Urban area is a common English translation of the Swedish term tätort. The official term in English used by Statistics Sweden is, however, "locality." It could be compared with "census-designated places" in the United States.
A tätort in Sweden has a minimum of 200 inhabitants and may be a city, town or larger village. It is a purely statistical concept, not defined by any municipal or county boundaries. Urban areas referred to as cities or towns (Swedish: stad) for statistical purposes have a minimum of 10,000 inhabitants. In 2010, there was 1,956 urban areas in Sweden, covering 85% of the Swedish population.

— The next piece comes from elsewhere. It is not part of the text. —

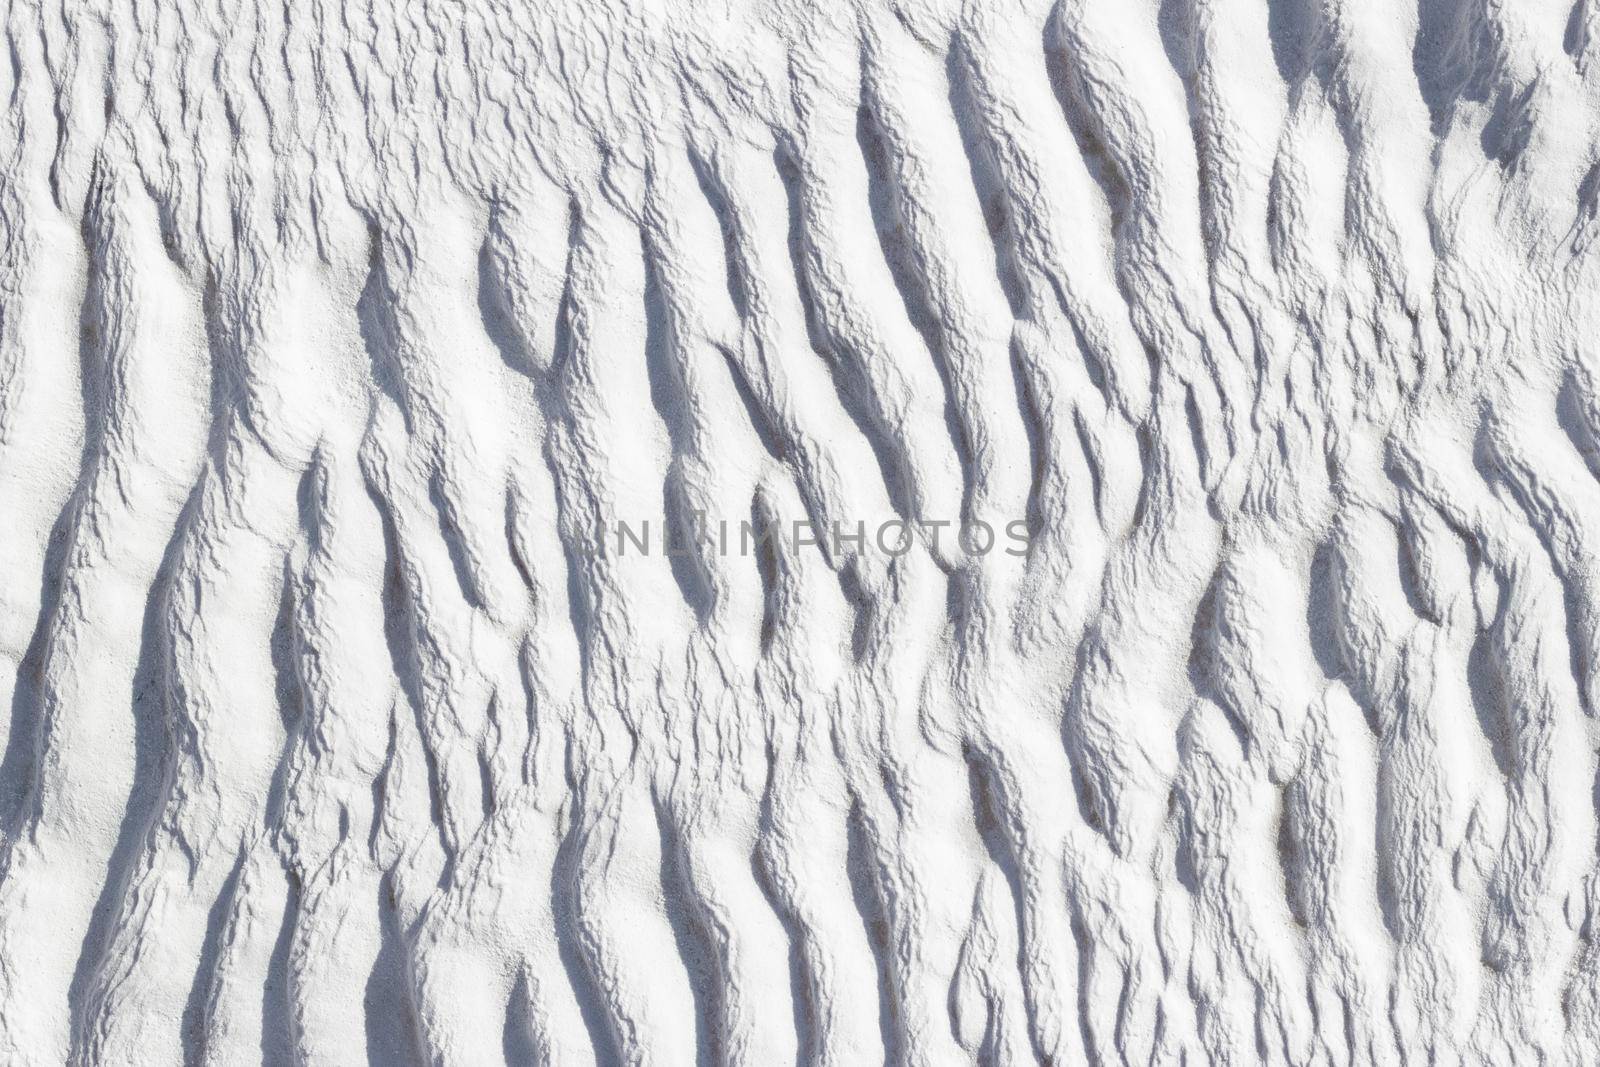 Ribbed abstract texture of Pamukkale calcium travertine in Turkey, asymmetric pattern close-up.

Until the beginning of the 20th century, only the towns/cities were regarded as urban areas. The built-up area and the municipal entity were normally almost congruent. Urbanization and industrialization created, however, many new settlements without formal city status. New suburbs grew up just outside city limits, being de facto urban but de jure rural. This was of course a statistical problem. The census of 1910 introduced the concept of "densely populated localities in the countryside". The term tätort (literally "dense place") was introduced in 1930. The municipal amalgamations placed more and more rural areas within city municipalities, which was the other side of the same problem. The administrative boundaries were in fact not suitable for defining rural and urban populations. From 1950 rural and urban areas had to be separated even within city limits, as, e.g., the huge wilderness around Kiruna had been declared a "city" in 1948. From 1965 only "non-administrative localities" are counted, independently of municipal and county borders. In 1971 "city" was abolished as a type of municipality.